Personal information
- Nationality: Ukraine
- Born: Alexey Vishnitsky 1 May 1981 (age 45) Kharkiv, USSR (now Kharkiv, Ukraine)
- Occupation: Powerlifting Strongman U.F.S.A.

= Alexey Vishnitsky =

Ukrainian weightlifter (born 1981)

Alexey Vishnitsky (born 1981; Алексей Иванович Вишницкий Олексій Іванович Вишницький) is a Ukrainian powerlifter. He is a two time IPF) world champion, and a Honoured Master of Sports of Ukraine.

He was a member of the team of strongmen of Ukraine, and a multiple winner in the 105 kg class. He took part in the Ukrainian version of the Fort Boyard TV show in 2004 with Vasyl Virastyuk's team of strongmen.

== Biography ==
Alexey was born on 1 May 1981 in Kharkiv, Ukraine. His mother was a kindergarten teacher, and his father a welder. His older brother works in the Kharkiv Fire Lifeguard Department of the Ministry of Emergencies. He has two children, a daughter, Kseniya, and a son, Arsenij.
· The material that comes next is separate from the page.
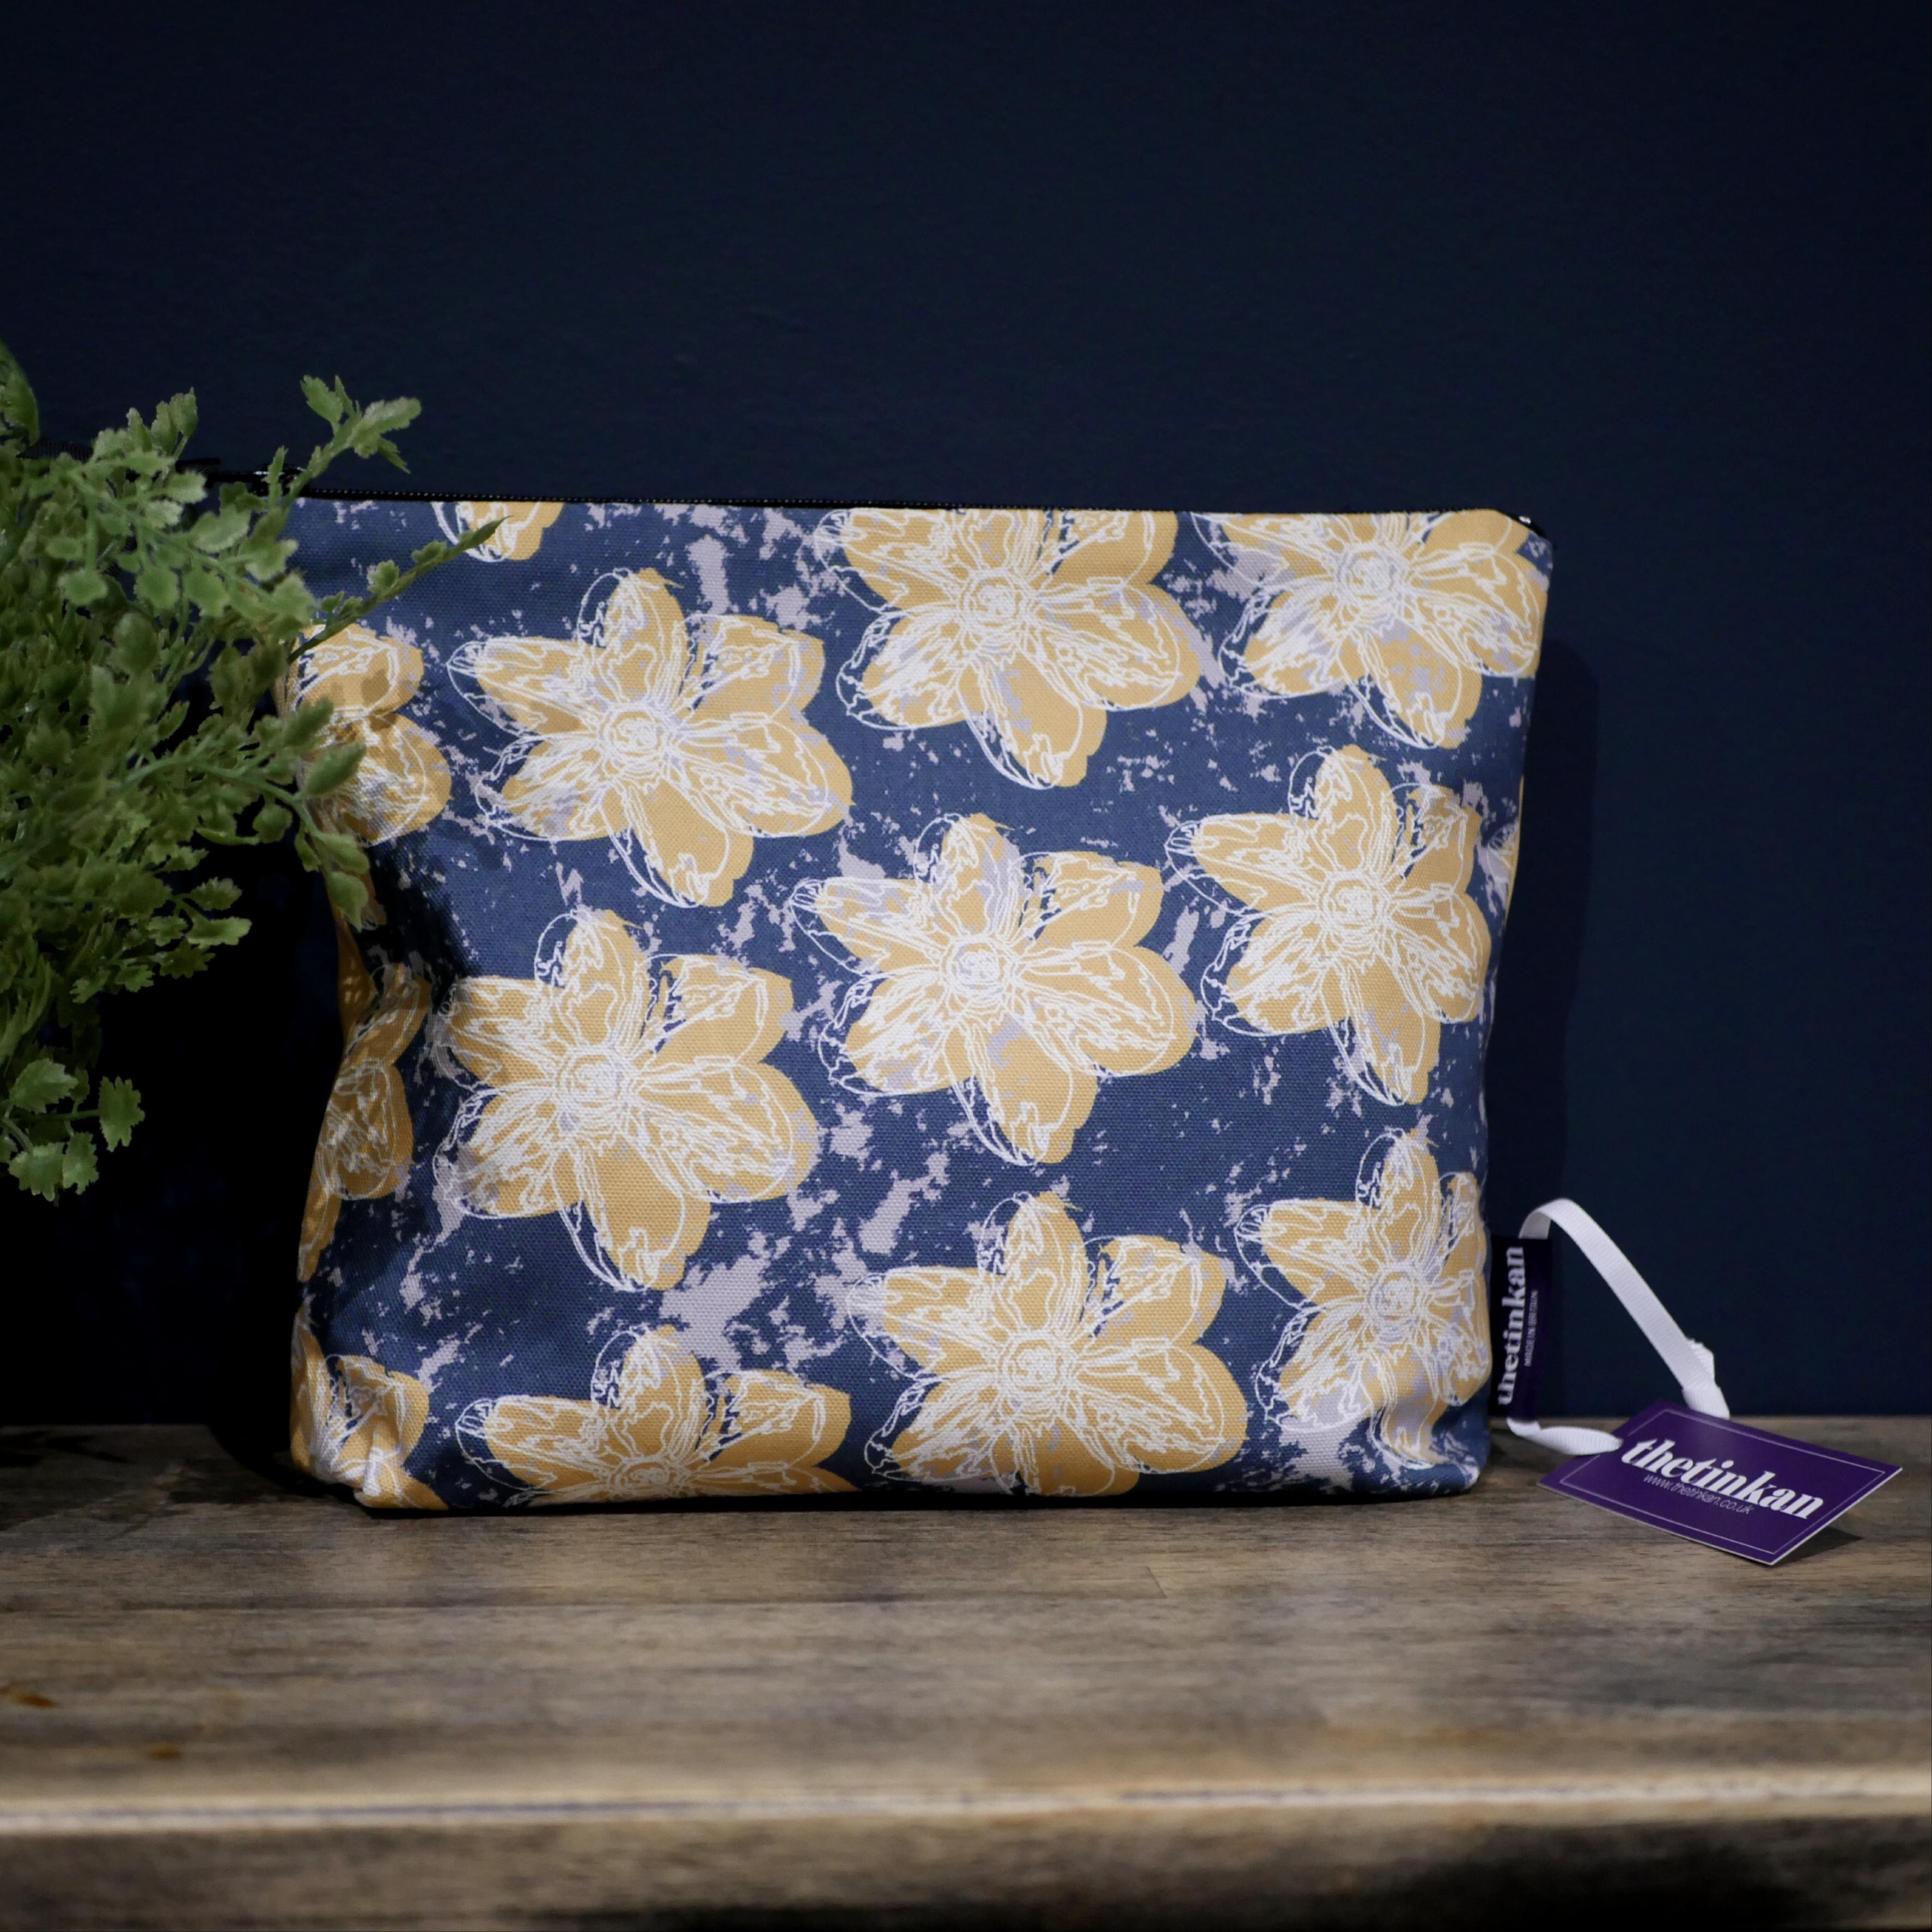 Mustard yellow flower with a matching coloured reverse, set on an oxford blue background with a light grey colour splash. Designed by thetinkan, the flower splash travel beauty washbag featuring the white traced outline of a?narcissus flower is made from panama cotton with black waterproof lining and matching black sturdy zip. Generously sized for all your travel or home needs.? VIEW PRODUCT >>

In 1998 Vishnitsky finished secondary school at Number 120 in Kharkiv. In 1998 he entered the Academy of Physical Culture and Sport in Kharkiv and graduated with a master's degree in 2004. He then entered Kharkiv State Veterinary Academy and graduated in 2009 with a speciality as a pharmacist of veterinary medicine.

As of 2015, he works as a gym instructor.

== Selected results ==
Full results can be found at openpowerlifting.org.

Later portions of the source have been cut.